▸ YOUR TASK
Reproduce the full listing below exactly. Do not include the pictures.

▸ RAW DATA
-=-=-=-=-

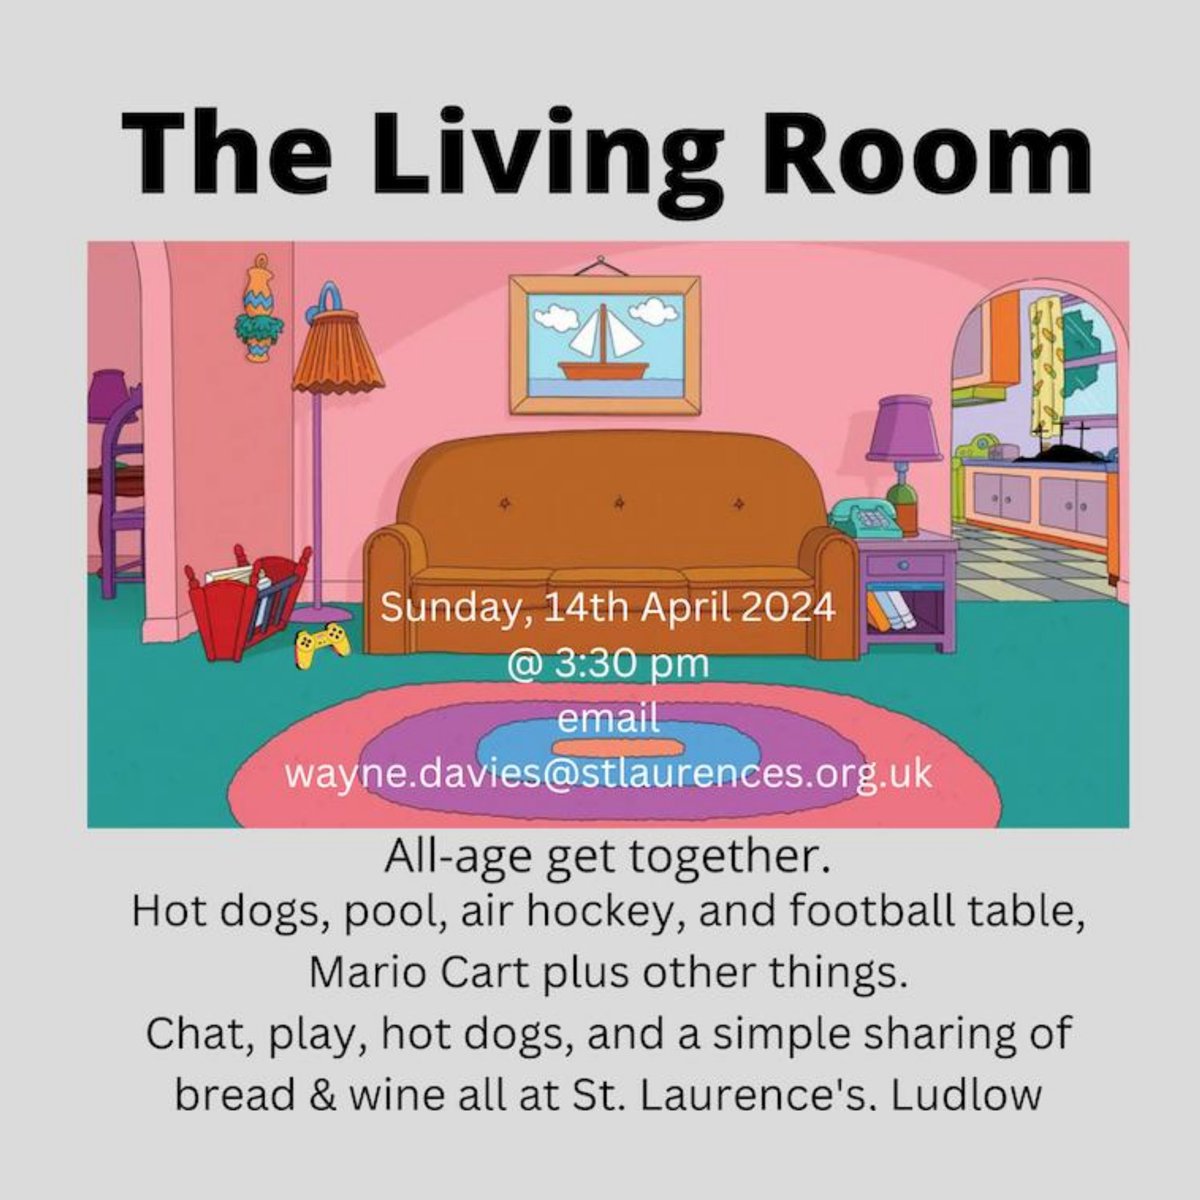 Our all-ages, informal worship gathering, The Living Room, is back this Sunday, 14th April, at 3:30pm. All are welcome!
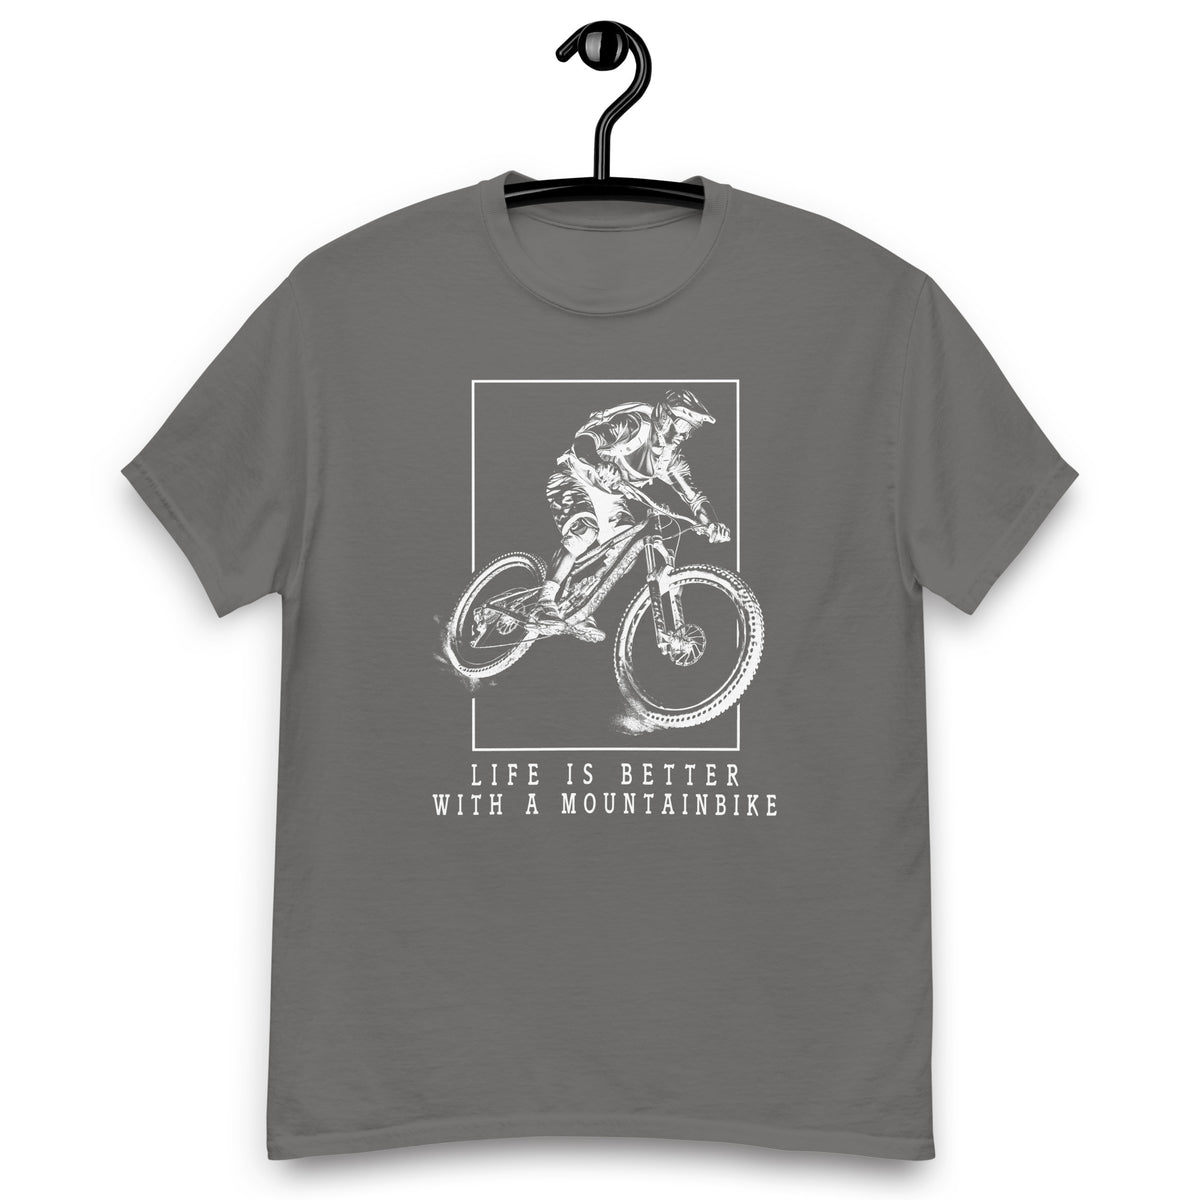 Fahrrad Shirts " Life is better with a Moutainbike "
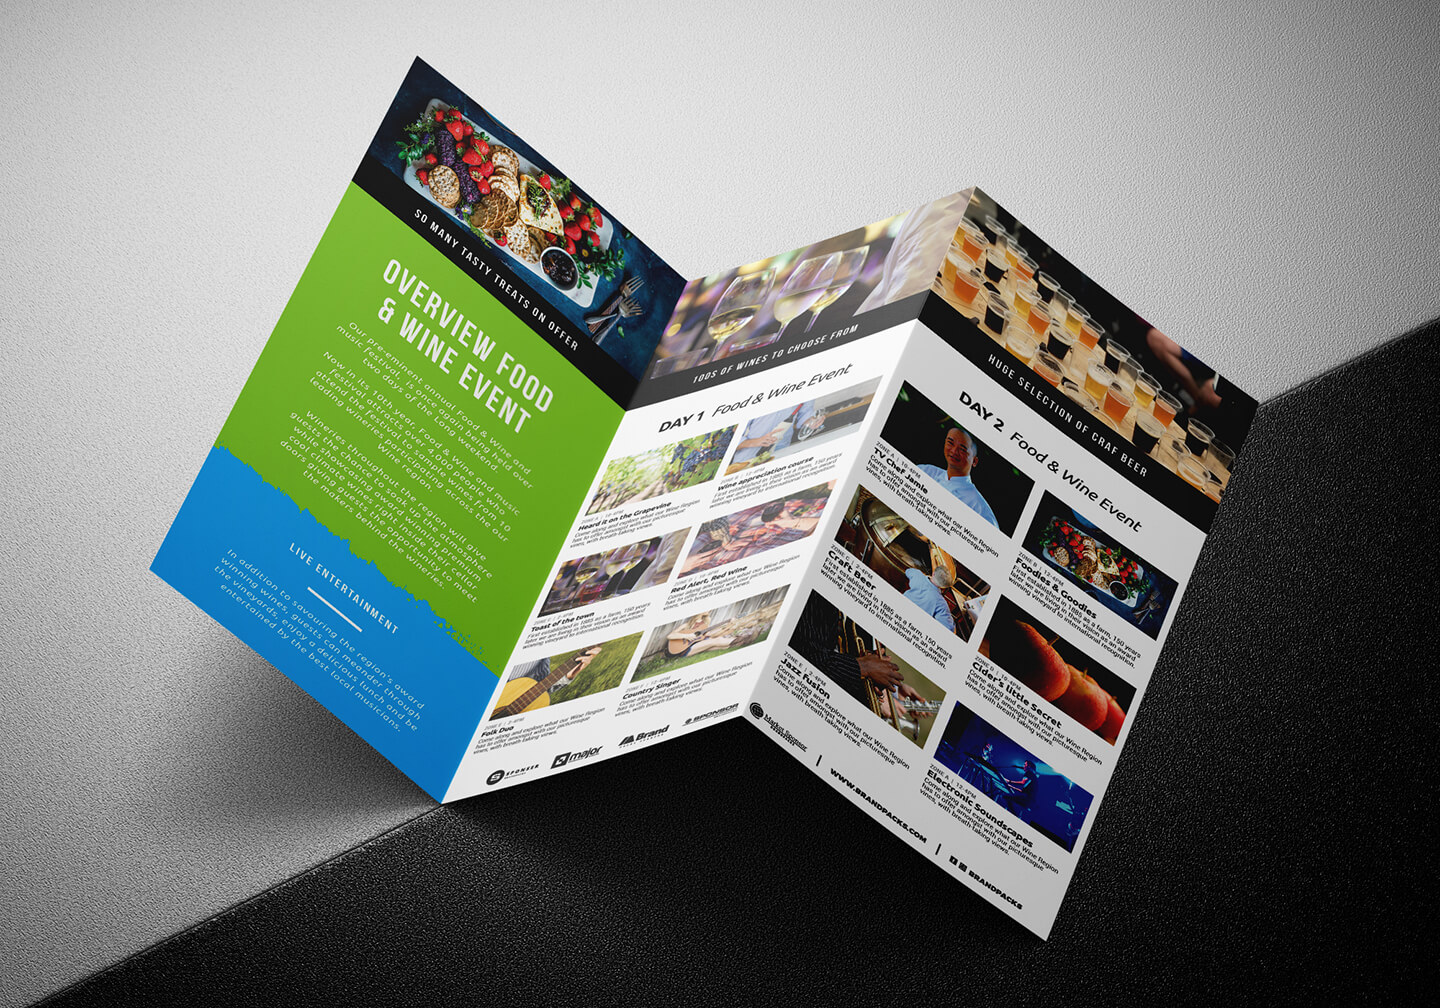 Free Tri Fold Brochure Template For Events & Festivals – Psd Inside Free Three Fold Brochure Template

-=-=-=-=-

▸ RESPONSE
 Our all-ages, informal worship gathering, The Living Room, is back this Sunday, 14th April, at 3:30pm. All are welcome!
 Fahrrad Shirts " Life is better with a Moutainbike "
 Free Tri Fold Brochure Template For Events & Festivals – Psd Inside Free Three Fold Brochure Template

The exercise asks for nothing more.